The following is a curriculum for high schools developed at the International School for Holocaust Studies at Yad Vashem, focusing on the “Auschwitz Album.” Please read the material, and then address the questions in the assignment. The relevant reading is featured in this curriculum, and will not appear as a separate reading file.
Objectives
- Learn about Auschwitz through a photograph album of historical and personal value. This unique document depicts a Jewish transport to Auschwitz-Birkenau.
- Learn about the experiences and fates of Jews deported to the Auschwitz death camp.
- Learn about the rapid dehumanization process that transformed ordinary people into inmates.
- In examining the details in many of the album’s photos, we hope to restore some of the Jews’ dignity, which the Germans brutally stripped from those they had slated for death.
- Study about Nazi ideology, German anti-Jewish policies, and the “Final Solution.”
- Learn about German attempts to maintain secrecy regarding their plans to destroy the Jewish people.
This is an interdisciplinary unit combining the album’s photos, documentation, and testimonies. Pedagogically, it demonstrate the importance of using multiple tools to present the events that took place at Auschwitz-Birkenau.
This educational unit is based on 207 photographs of the Bilke Jewish community and the Jacob family. This collection of documents is known as the “Auschwitz Album” or the “Lili Jacob Album.” The photos were taken in Auschwitz-Birkenau in May or the beginning of June 1944 and accidentally found by Holocaust survivor Lili Jacob at the time of liberation.
The photos were taken for unknown reasons by two German SS photographers, Ernst Hoffmann and Bernhard Walter, whose task was to take ID photos and fingerprints of the inmates. In teaching the unit we must emphasize the role and identity of the photographers, and make use of additional sources in order to gain a more complete picture of the camp’s function as part of the “Final Solution.”
The subject of the Nazi concentration and extermination camps is one of the most difficult to teach.

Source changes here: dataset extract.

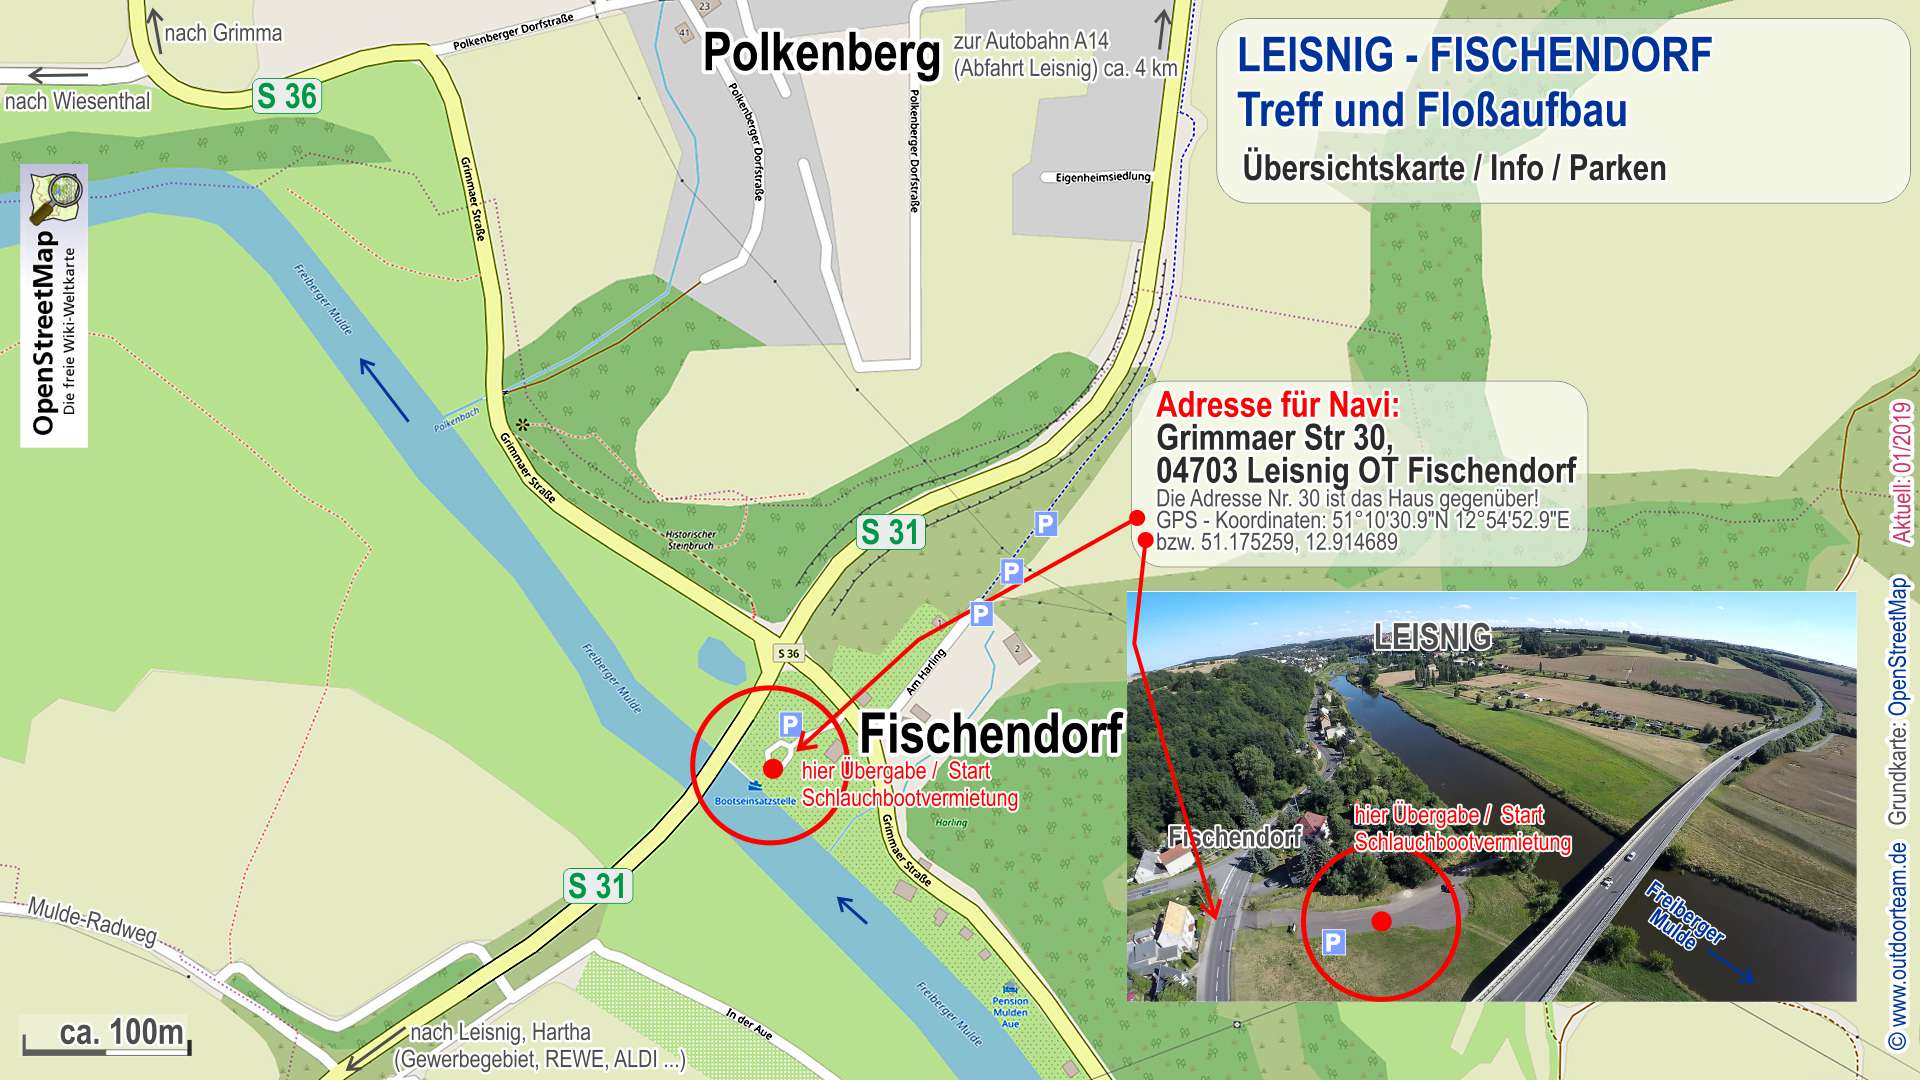 Detailkarte öffentliche Bootseinsatzstelle Leisnig-Fischendorf - hier ist auch Treffpunkt und Aufbau Schülerprojekttag Selbstbaufloß.

Lessons are often rife with photographs and testimonies that depict corpses and horrific scenes. By contrast, the Auschwitz Album contains faces of living Jews, even if only a short time before their deaths.
The pedagogical rationale of the International School for Holocaust Studies at Yad Vashem stresses the importance of focusing on individuals during the Holocaust. Therefore, we stress the humanity of those who became victims, and not their victimhood.
One of the leading principles of Yad Vashem’s educational philosophy is to create empathy with the survivors as well as the victims. We therefore focus on students’ emotions and how they relate to this material.
The unit is divided into two lessons.
- Lesson I of this curriculum concentrates on the Auschwitz Album as a type of family album, because when Lili Jacob found it after the war, it contained photographs of her brothers and grandfather. For Lili, these were the only family portraits that remained after the war, and she may therefore consider it a type of family album. Additionally, it looks like a family album in its composition with captions and individually pasted photographs. For the survivors of the Holocaust, each photo of family members is precious. Many survivors lost all loved ones, and the only trace left might be a small picture which somehow survived or was sent abroad before the war. In their testimonies, survivors often recall how everything was taken from them upon arrival in the camp, unless they had succeeded in hiding a small photo. Unfortunately, there are thousands of Holocaust survivors with no visual memory of their relatives, since not even a single photo remained. In Auschwitz, all photo albums, books, personal documents, and other materials, were burned in a special oven located in crematorium Building II.
Surviving photographs, irrelevant of their origin, enable us to see the human beings behind the statistics.
Photographs often tell, a story about the subject’s identity, religion, nationality, tradition, and social status. This lesson provides the opportunity to contrast current photos with those of a different period, and learn about the people they represent. - In Lesson II, students will discuss serious questions about the killing apparatus of the camp as seen in this album, and follow the story of the transport through its various stages. In order to provide a broad perspective and understanding, the unit makes use of source materials other than the album, such as testimonies.
The Auschwitz Album documents one group of Jews from among scores of similar transports, including arrival at the camp, descent from the boxcars, and “Selection,” at which a few were chosen for work and transformed into prisoners, while the majority were sent to their deaths.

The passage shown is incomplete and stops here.